По виду — пирамиды и обелиски, огрызки и статуи, кратеры и фаллосы, анусы и ракеты, скелеты и амёбы, особы и коллективы, презервативы и банкноты, гроты и мавзолеи, аллеи и фонтаны, карманы и предметы, заветы и метели.
По цели — словно поголовно хотели жить и рожать, дружить и бежать, служить и дрожать, кружить и держать, сажать и тужить, визжать и обижать, умножать прыть и сторожить печать.
Никакие выжимки из каталогов собирателей итогов не могли бы описать лихие выдумки и изгибы ваятелей.
Неспроста обыватели повторяли, что красота — не в обилии деталей, а в теле, и что регалии модели мешали идиллии некрополя: осине в кручине, унынию тополя, подходу к могиле, народу у поворота, пароходу на причале, пролёту самолета.
4.
Щедрость расходов на материалы погостов возбуждала резвость у антиподов перехлёстов.
Неистовые экономисты считали тонны мрамора и траурной позолоты аномалией незаконной и бравурной работы и предлагали следы расточительства перевести на строительство зеленой среды, жилья и пути-переправы на края державы.

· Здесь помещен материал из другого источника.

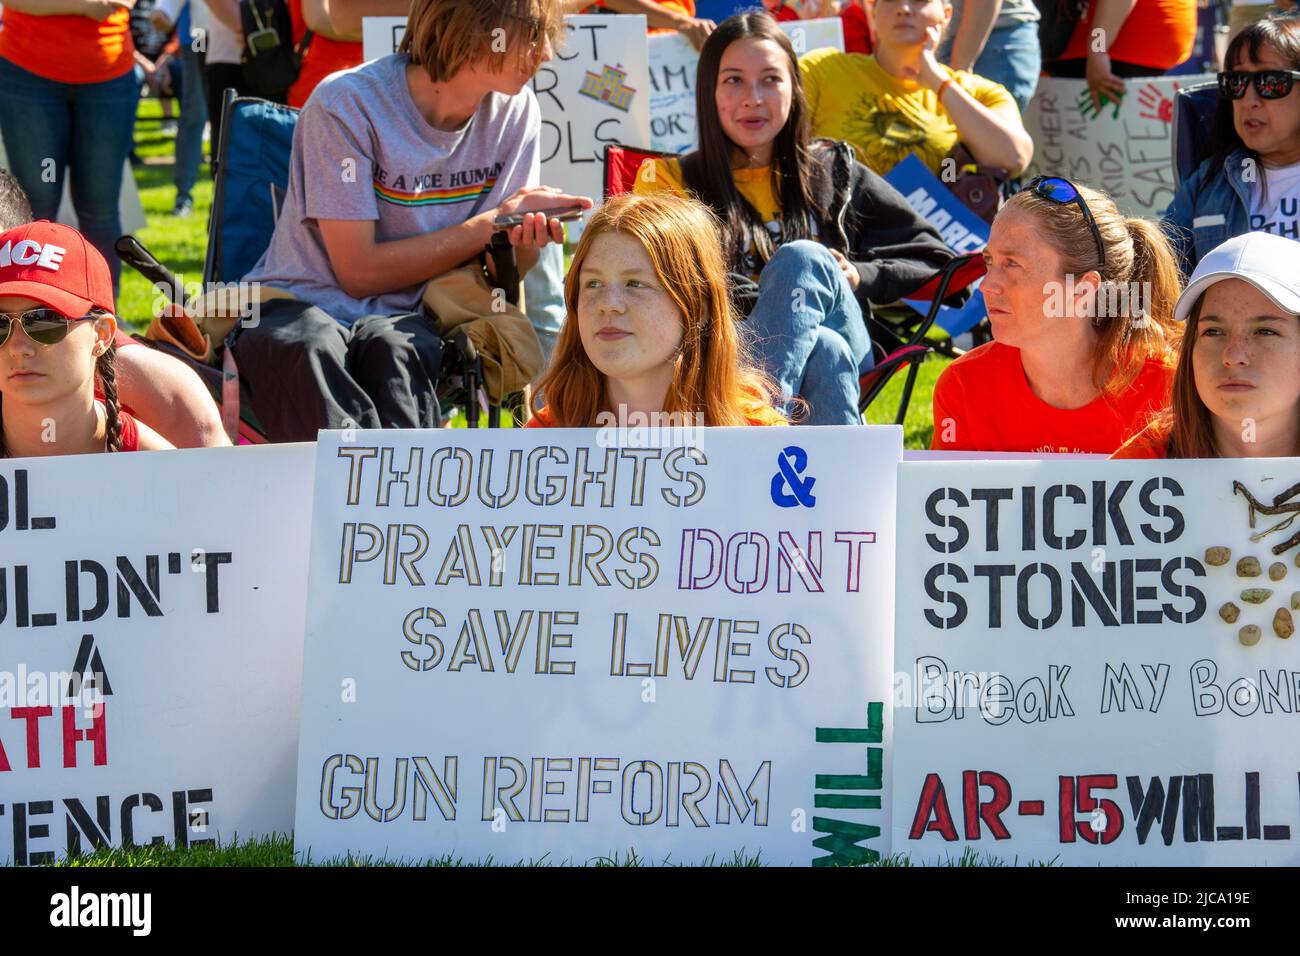 Oxford, Michigan, USA. 11th June, 2022. Hundreds rallied for tighter gun control laws in the town where four students were shot and killed at Oxford High School in November 2021. It was one of many rallies organized by March for Our Lives across the country protesting gun violence and mass shootings. The Oxford rally was organized by the student group No Future Without Today. Credit: Jim West/Alamy Live News Stock Photo
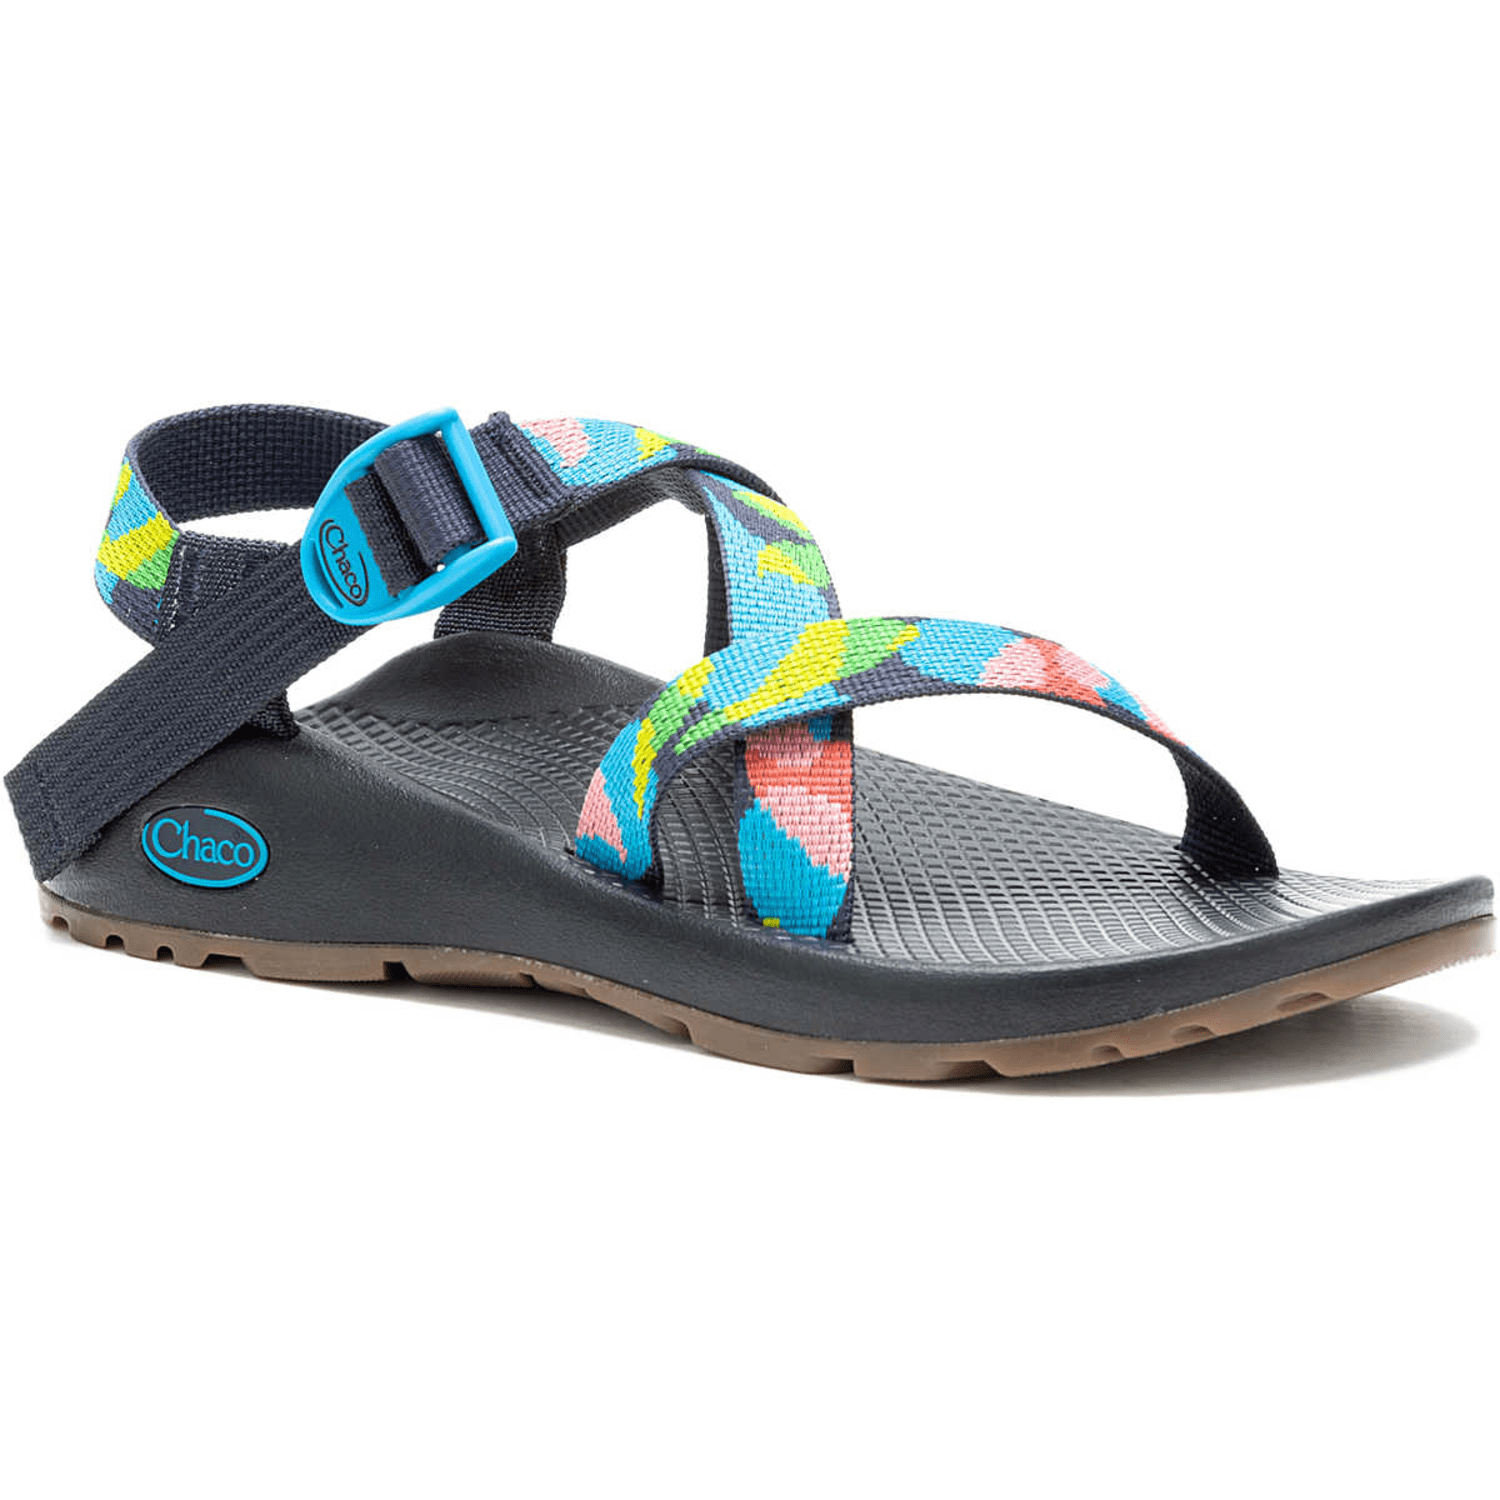 Chaco Z1 Classic Women's Sport Sandals, Shade Sorbet, W9

Столь красивые призывы порождали боль за голь у ворья, и строптивые разбойники освобождали покойников от излишков пышного и тленного старья, а также от драгоценного сырья в материале и поклажи на пьедестале.
Под огнём критики архонтов и нытиков творцы учиняли разлом и прибегали к капитальной переделке и мелкому ремонту мемориальных хором.
Однако неосторожно сокрушали образцы скульптуры, разбивали фигуры и плиты из гранита, корёжили раку и тревожили сердитого забияку, навсегда положенного туда.
Для охраны искусства выставляли на дежурство взводы и полки, но смутьяны нанимали автокраны, поднимали шедевры под небосводы, опускали под потолки, продавали и набивали карманы. Или проникали в уголки погостов ползком и просто трепали нервы сторожей: затевали погром без платежей.
Не уменьшались ни на малость и расходы на сооружения: население держалось свободы поминовения и призывы к экономии объяснялись как стыдливая дихотомия и зависть.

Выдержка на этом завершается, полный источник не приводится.